Well, hey, it’s our friend search_low coming into play after an “enabled” check.

Since 1024 < 1448, this means that mss_cache (and mss_now, for those looking at the return value of this function) will be 1024.

Recall from above that we had connections that seem to be stuck at 1024. We at least have a specific location in code that gets us there. We need tcp_mtu_probing triggered to set the “enabled” flag to true. We’ll explore later why it gets “stuck” at 1024 (but hey, at least it’s not 36!).

When does MSS reduction occur via tcp_mtu_probing?

So, it turns out that tcp_mtu_probing is called when there is a write timeout, and we’ve already tried re-transmitting. This is potentially a “black hole” (perhaps for obvious reasons).

static int tcp_write_timeout(struct sock *sk)
{
  ...
  ...
  if (retransmits_timed_out(sk, sysctl_tcp_retries1, 0, 0)) {
    /* Black hole detection */
    tcp_mtu_probing(icsk, sk);

Some stuff explained

So, to summarize where we are now:

MSS starts at some negotiated value (let’s assume it’s 1448 since that’s what it usually is).
A write timeout occurs, as well as re-transmission failure.
MSS is reduced to the value of search_low = mss_base = 1024 to work around potentially missing ICMP messages.

We’ve also seen the code that would lead to values of 512, 256, etc., so we can add that:

another write timeout occurs, which cuts MSS in half again (say, to 512, or from there to 256).

But what we still need to answer is:

Why can MSS sometimes get out of a low value but sometimes not?
Why does it get stuck, and why at different values?

Explaining “stuck” values

Stuck values generally turn out to be reasonably easy to explain.

1024

First, 1024 (our base MSS).

Recall this little chunk in :

if (probe_size > tcp_mtu_to_mss(sk, icsk->icsk_mtup.search_high)) {
      /* TODO: set timer for probe_converge_event */
      return -1;
  }

And, what is search_high (after conversion back to MSS) when we’re still in good shape at initialization? The answer: 1448.

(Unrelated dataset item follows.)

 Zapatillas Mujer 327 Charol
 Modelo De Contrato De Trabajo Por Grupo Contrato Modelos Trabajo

What is 1024 * 2? The answer: 2048.

In other words, if we have had a single-loss event, which triggers black holedetection, we will get stuck at an MSS of 1024.

1152

Naturally, you will ask (as I know I did): if 1152 is greater than 1024, and you said it gets stuck at 1024, what’s happening here?

Fascinatingly, we arrive at a better MSS of 1152 when conditions are at some point worse than they were for the 1024 case!

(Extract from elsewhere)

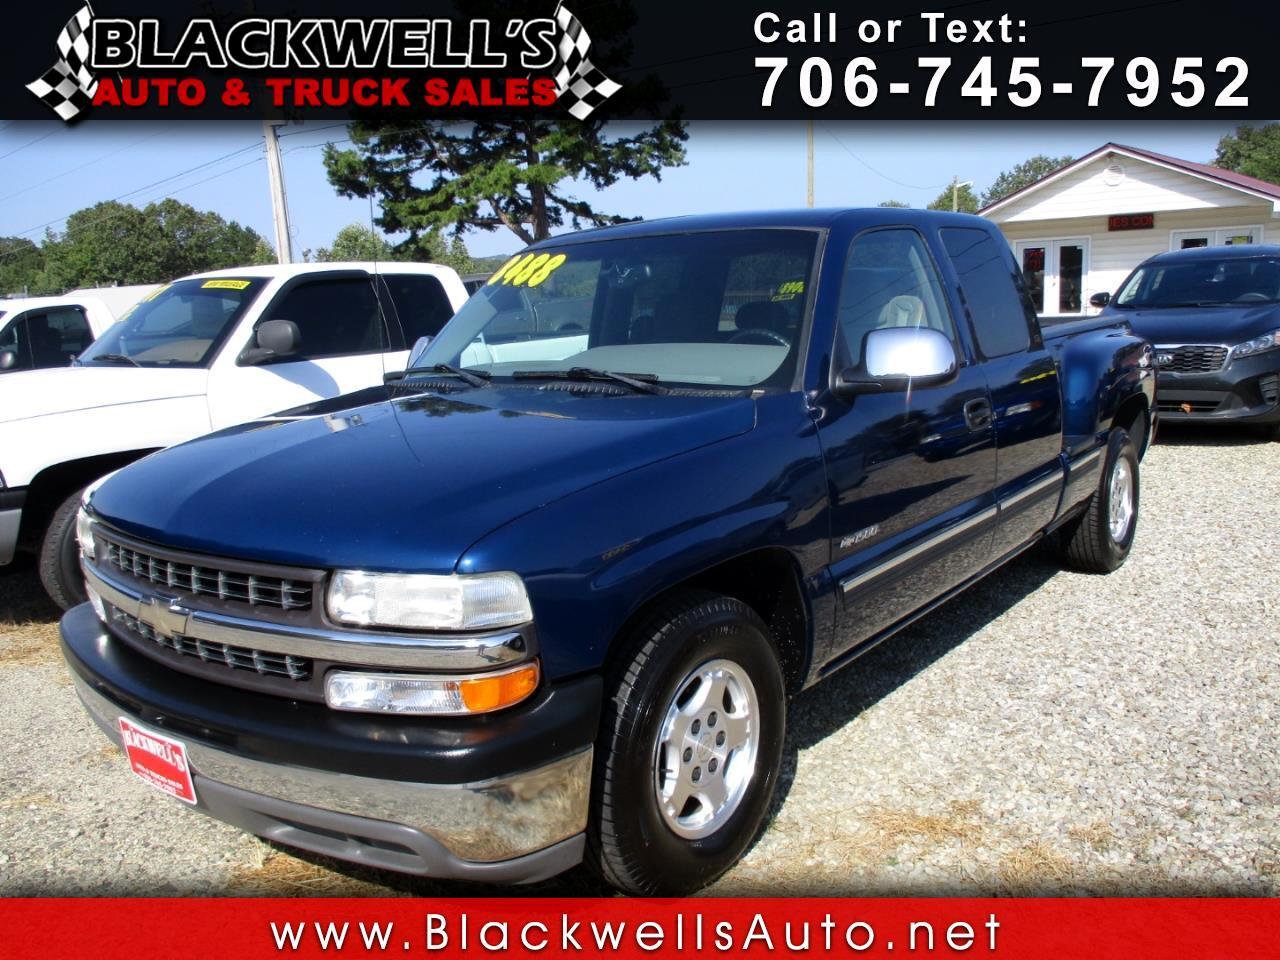 2000 Chevrolet Silverado 1500 3dr Ext Cab 143.5

So, 1152 doesn’t seem related to 1024 when we think about powers. But, through a somewhat circuitous route, we can get there.

Let’s propose that we are in a situation where we have a lot of retransmissions and timeouts. Nothing is getting through. What might happen in that situation?

Well, what I think would happen is that we will keep calling tcp_mtu_probing, which halves and halves and halves the MSS: 1024, 512, 256, 128, 64, 32.

Recall that we saw those values when we looked at the MSS values for this connection. But we didn’t see 32. We instead saw 36. I don’t yet have an explanation for that value, as 48 is supposed to be the lowest. But in any case, I’m certain that once we hit this block:

mss = max(mss, 68 - tp->tcp_header_len);

And MSS drops below 36; it gets reset to 36, indicating that tcp_header_len here is 32 bytes, rather than 20. So, we can’t go lower than that.

What happens once the connection isn’t losing packets left and right? Well, we start executing tcp_mtu_probe, which does the *2 operation:

36, 72, 144, 288, 576, 1152!

Re-posting the values from before:

gawk -v OFS='t' -v port=:34866 -v fields=mss -f extract.awk esc1303sockets.txt | awk '{print $2}' | sort | uniq -c
  803   1024
  11238 1152
  603   1448
  2     288
  1     36
  3     512
  3     576
  1     64

So, we now have an explanation for each of the specific values.

Sheer lousy luck: explaining anything lower than 1024 or 1152

At last, we get to the heart of the matter. Getting stuck at 1024 or 1152 isn’t so bad, as it’s only 30% off a good value. But how do we get stuck at values lower?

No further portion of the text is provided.